The Rephidim Spring produced when Moses struck the Rock in Horeb is at the Sadd Al Khanaq dam in Medina


Watch the whole Youtube video “Exodus route 2 - Locating Mount Sinai, the Desert of Sin, Rephidim & the Desert of Paran”.


Exodus 17: 1 The whole Israelite community set out from the Desert of Sin, traveling from place to place as the Lord commanded. They camped at Rephidim. 


Rephidim was where Moses struck a rock and caused water to come out, that was enough to quench the thirst of perhaps more than a million Israelites. He called the source of this spring “Massah and Meribah” - see Exodus 17: 1-7. Located 151 kilometers northeast of Yanbu Al-Nakhal (or the Biblical Elim) and at the east side of the mountain range (or the Desert of Sin) is found an ancient dam named Sadd Al-Khanaq. It stretches across a tight corridor between two mountains. Its height of 17 meters coincides with the height of the two mountains that encase the dam, while its length is “limited” to 43 meters thanks to two protruding cliffs on both sides of the valley that form two natural shoulders providing a solid foundation for the wall structure at both ends. Its width reached 17 meters at the base and only 12.7 meters at the top. 

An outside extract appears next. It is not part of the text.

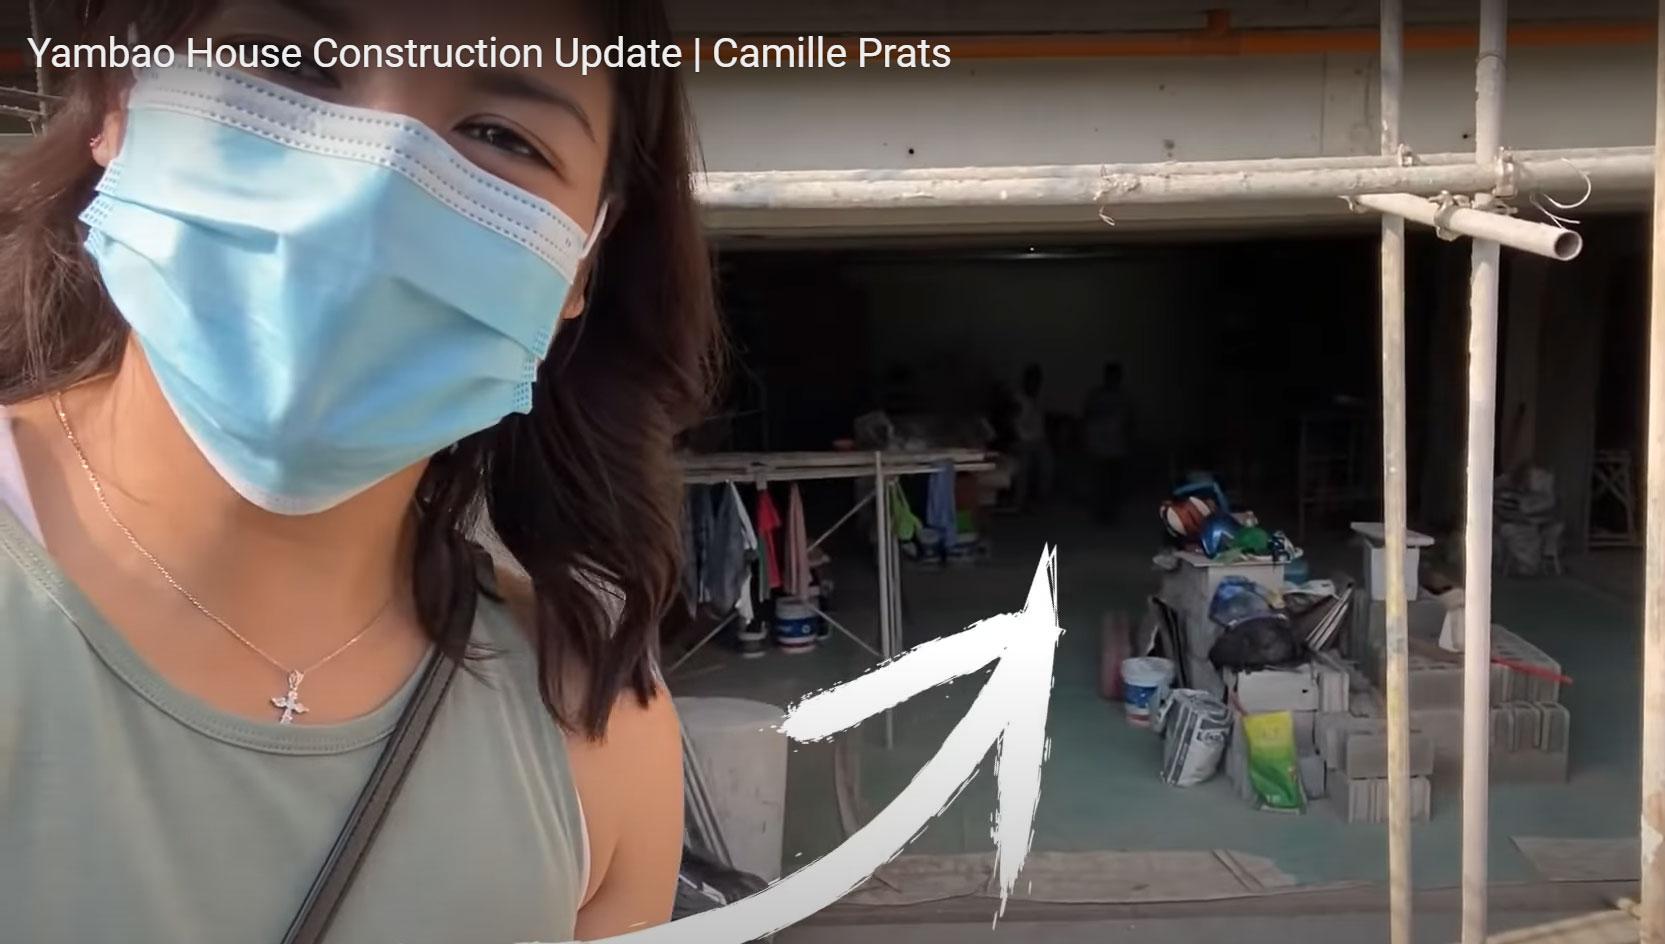 Camille Prats house

A Kufic inscription dating from the time of its construction designates the Umayyad Caliph Mu’awiyah bin Abi Sufyan (who reigned between 661 and 679 AD) as the sponsor of this dam. Obviously, this dam was built long after the time of Moses. A spring of water flowed freely and profusely when Moses struck a rock on top of its source with his rod. This implies that the rock was blocking the flow of water. If the source of this ancient spring was the same as the source of the water in the Sadd Al-Khanaq dam, then a boulder no wider than 12.7 meters was enough to block the flow of its water. Furthermore, the two mountains encasing this spring tightly may have been what Moses was referring to when he named the place “Massah and Meribah”.

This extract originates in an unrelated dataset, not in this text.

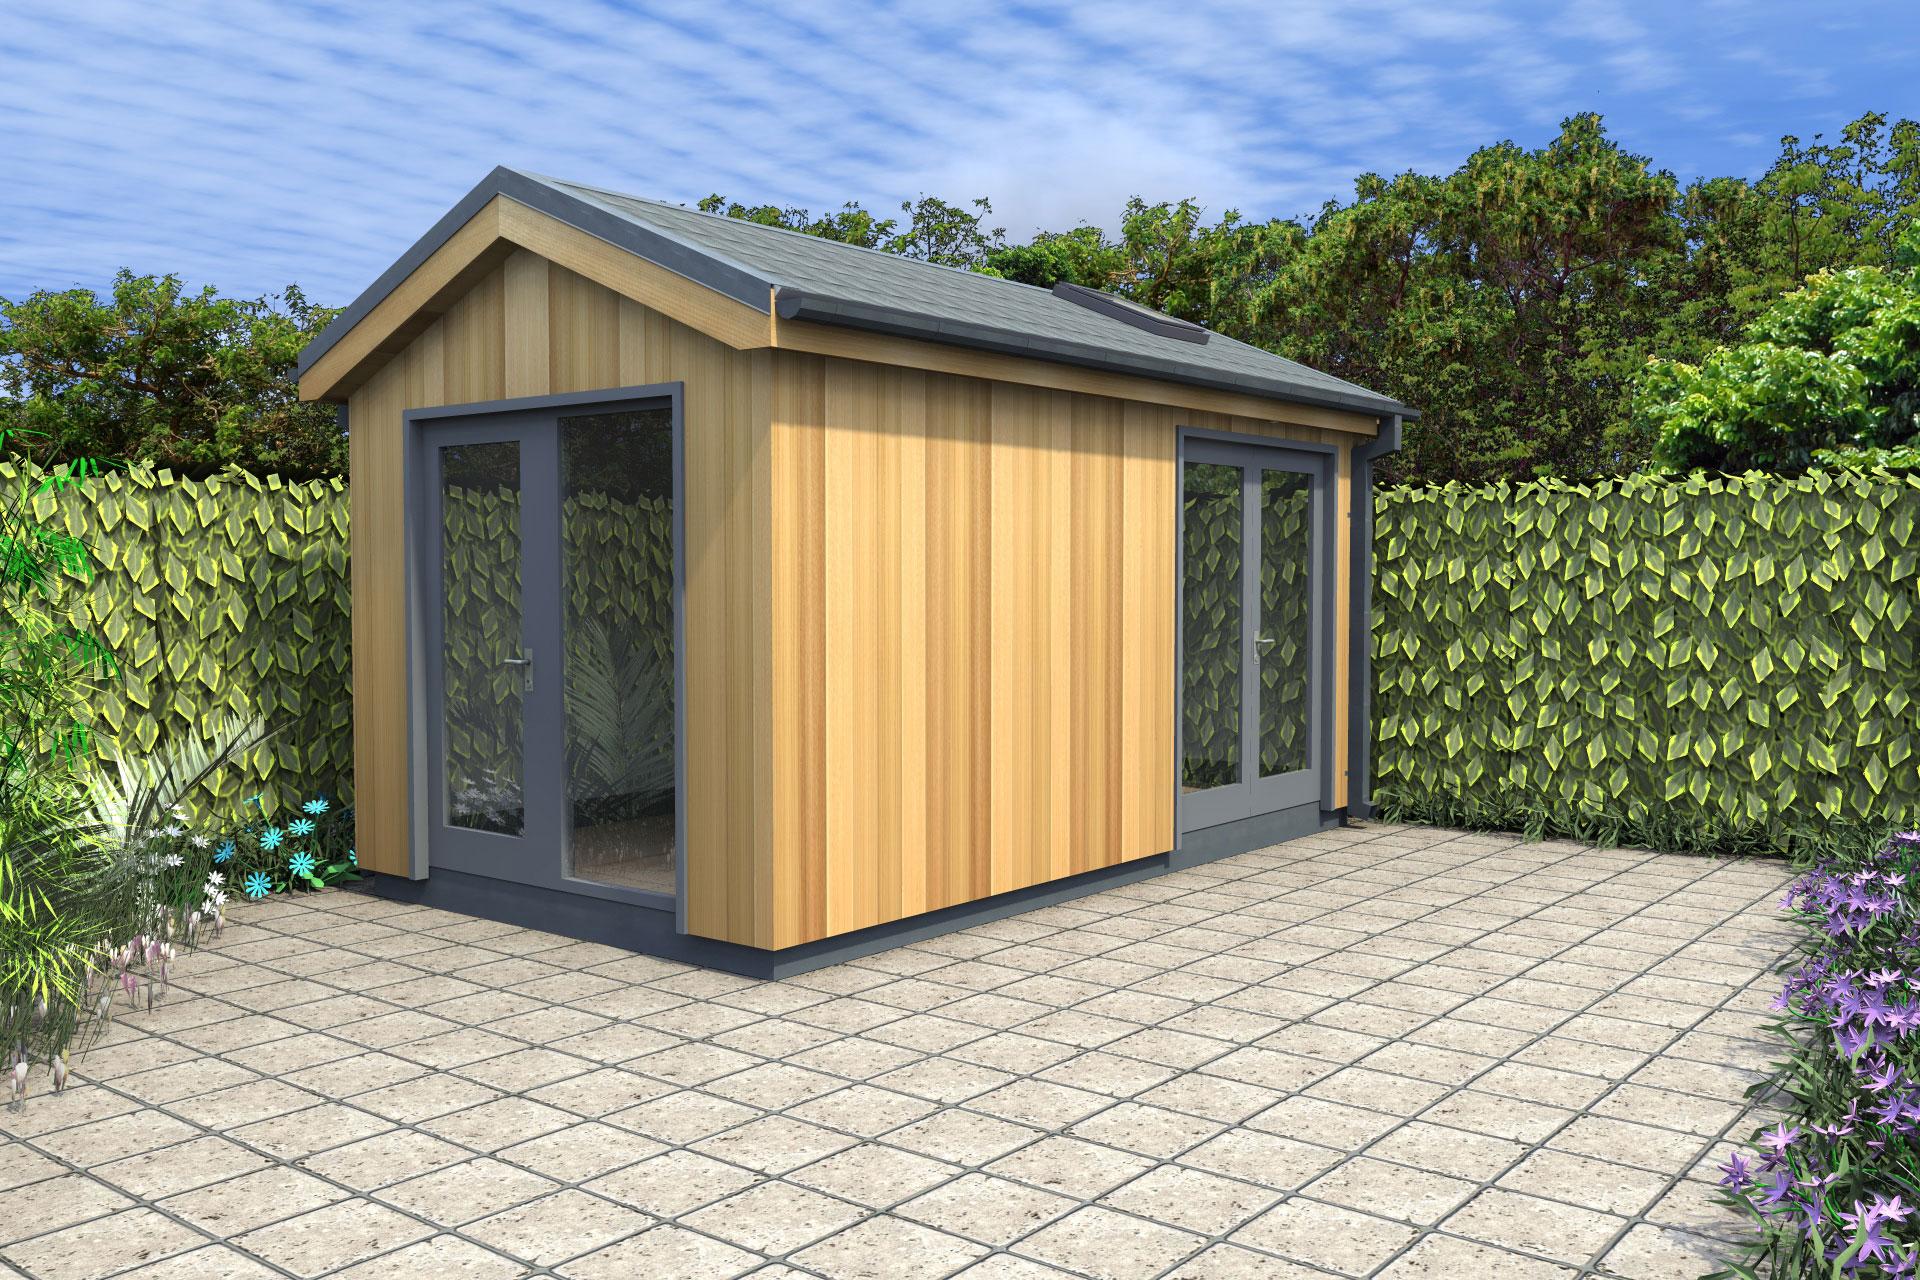 Office Pods Ideas Gallery, Garden Office Ideas Gallery | ECOS Ireland

The Sadd Al-Khanaq dam is located just 15 km east of Medina. Now let me tell you why this is important. The Hebrew text for Midian is Mem Dalet Yod Nun and is currently pronounced as Midian with the Yod used as consonant. However, if Hiriq is written in the consonant preceding Yod, which in this case is the Dalet, the Yod is used as the vowel i with a long ee sound like the “i” in Medina. And since vowels and niqqud marks were not written in the original Bible transcript, Mem Dalet Yod Nun could have been pronounced as Medina during Moses’ time instead. And this explains why while the Israelites were in Rephidim, Jethro priest of Midian (or should I say Medina), visited Moses - see Exodus 18.


Exodus 19: 1-2, 18  On the first day of the third month after the Israelites left Egypt—on that very day—they came to the Desert of Sinai. After they set out from Rephidim, they entered the Desert of Sinai, and Israel camped there in the desert in front of the mountain…


Mount Sinai was covered with smoke, because the Lord descended on it in fire. The smoke billowed up from it like smoke from a furnace, and the whole mountain trembled violently.


Setting out from Rephidim and coming to the Desert of Sinai implies Rephidim was yet a distance away from Sinai (which was also called Horeb in parallel Biblical accounts). But why did Exodus 17: 6 say that Moses struck the rock in “Horeb” while they were still in Rephidim? The literal meaning of “horeb” is desert, and it is related to the Hebrew word khaw-rab' which means destroyed. Horeb is also thought to mean glowing/heat. And this made me conclude that “the rock in horeb” actually referred to a volcanic rock or boulder that was still glowing hot while on top of the source of a spring preventing its flow. Most definitely, it doesn’t mean that the “rock in horeb” which Moses struck was in Mount Sinai. It only meant that one or both of the two mountains named “Massah and Meribah” and on opposite sides of the “rock in horeb” in Rephidim were volcanoes.